Again, I'm not so much interested in the object as the pure experience itself...
It has the same form as when Jesus simply says "follow me," and the apostles drop what they're doing... Based on what? Obviously some sudden insight into the nature of reality and the self.
It's like the simultaneous recognition if "I know who you are" and "I know who I am."
of "I know who you are" and "I know who I am."
That which comes in a flash of recognition...
Speaking of albums, we popped in the local Barnes & Noble yesterday. They don't have the music department anymore, but there was a whole section of tables in the middle full of actual vinyl albums. Some things never get old.
Darren Allen is slowly coming up with his best 100 album list. Interesting choices.
I think you need to restrict yourself to separate genres, otherwise it's like trying to pick the best athlete irrespective of the sport.
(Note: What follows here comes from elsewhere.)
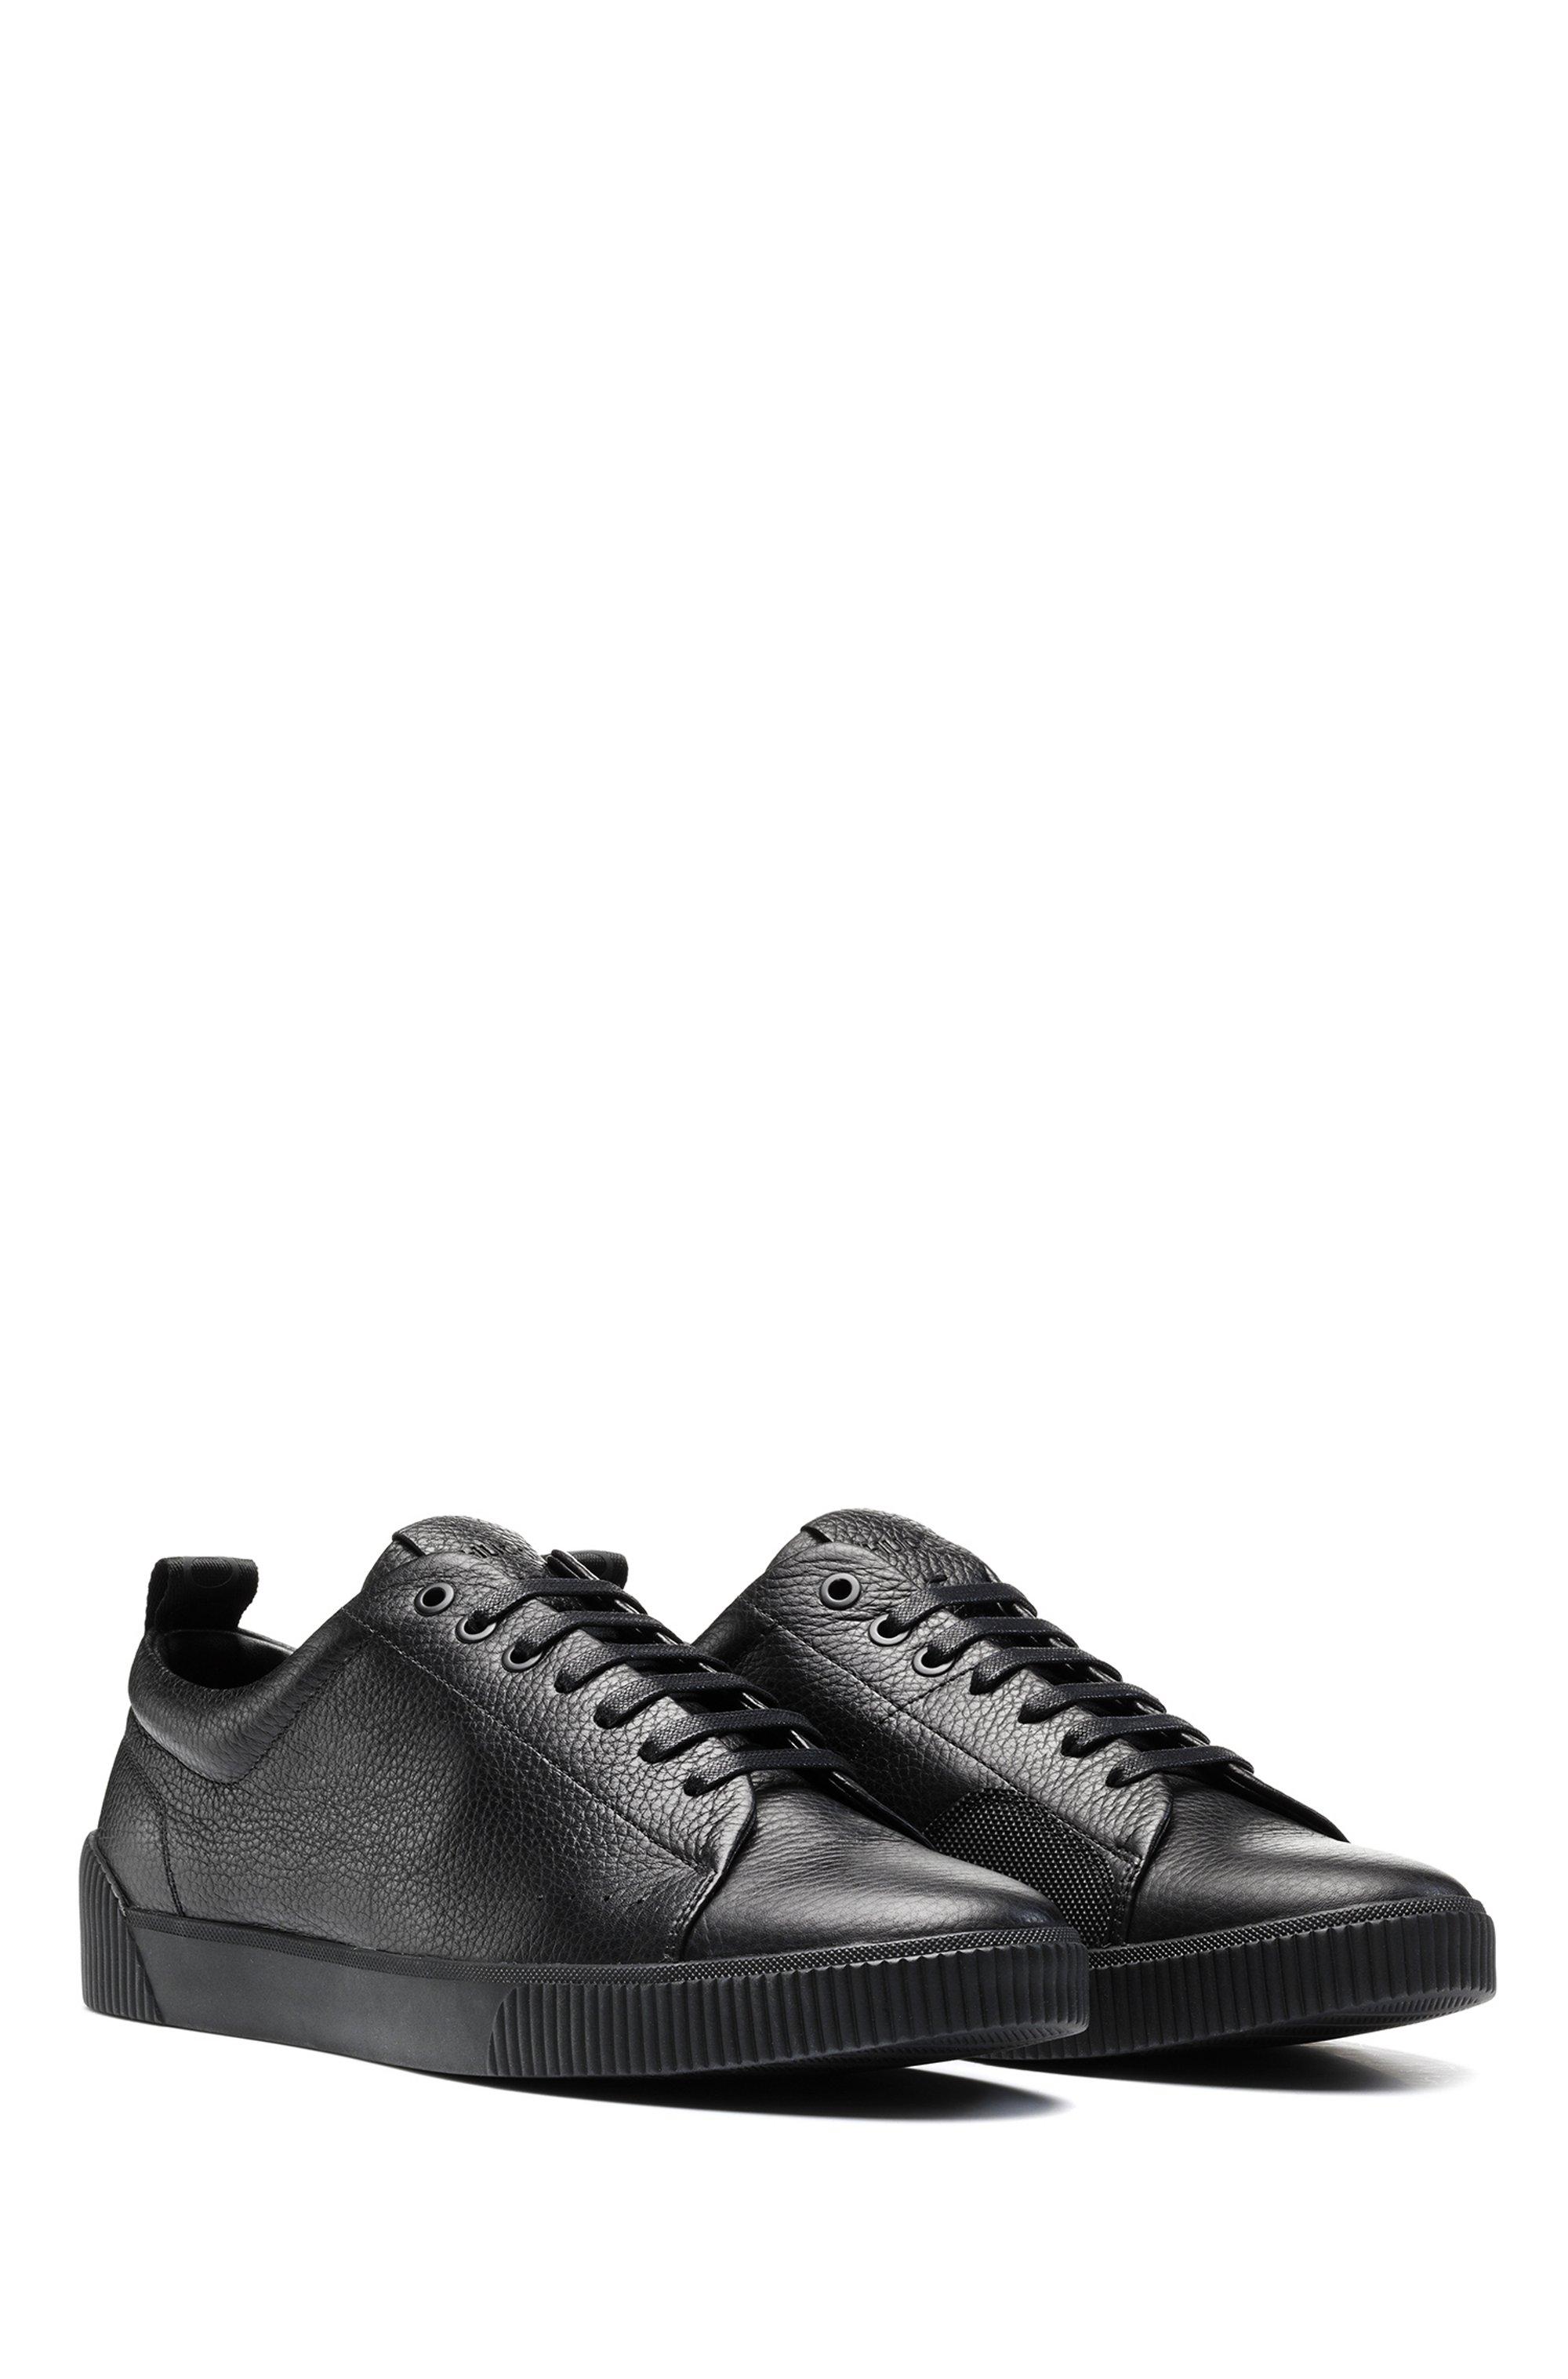 Sneakers aus genarbtem Leder im Tennis-Stil mit Logo-Tape aus Jacquard

Who's better, Wayne Gretzky, Tiger Woods, or Shohei Ohtani?
I blame music streaming and the lack of record stores for mish-mashing.
My TV cable service must have a hundred music stations with sub-genres within genres within genres I've never even heard of.
You want genres!? Go here
WTF?!
Exactly!
I credit Linda Ronstadt for knowing how to pick a song.
Gary White's Long, Long Time and Jimmy Webb's The Moon's a Harsh Mistress. For lyrics and emotion, it truly wrenched the longing from my young soul. Ever since I've marveled, along with Shakespeare, how men's souls can be hailed from sheep's guts.
Music is a spiritual medium unlike any other. In fact, hearing is a spiritual experience more than visuals. It's said that losing hearing is more isolating than losing sight, and that really is the mystery of all the senses and the one we abuse with just any old noise. Or any old word. Not many can convincingly say it cold, unannounced, unknown: "Follow me."
The same spirit that goes into a creation, comes out when others experience it. Have a care!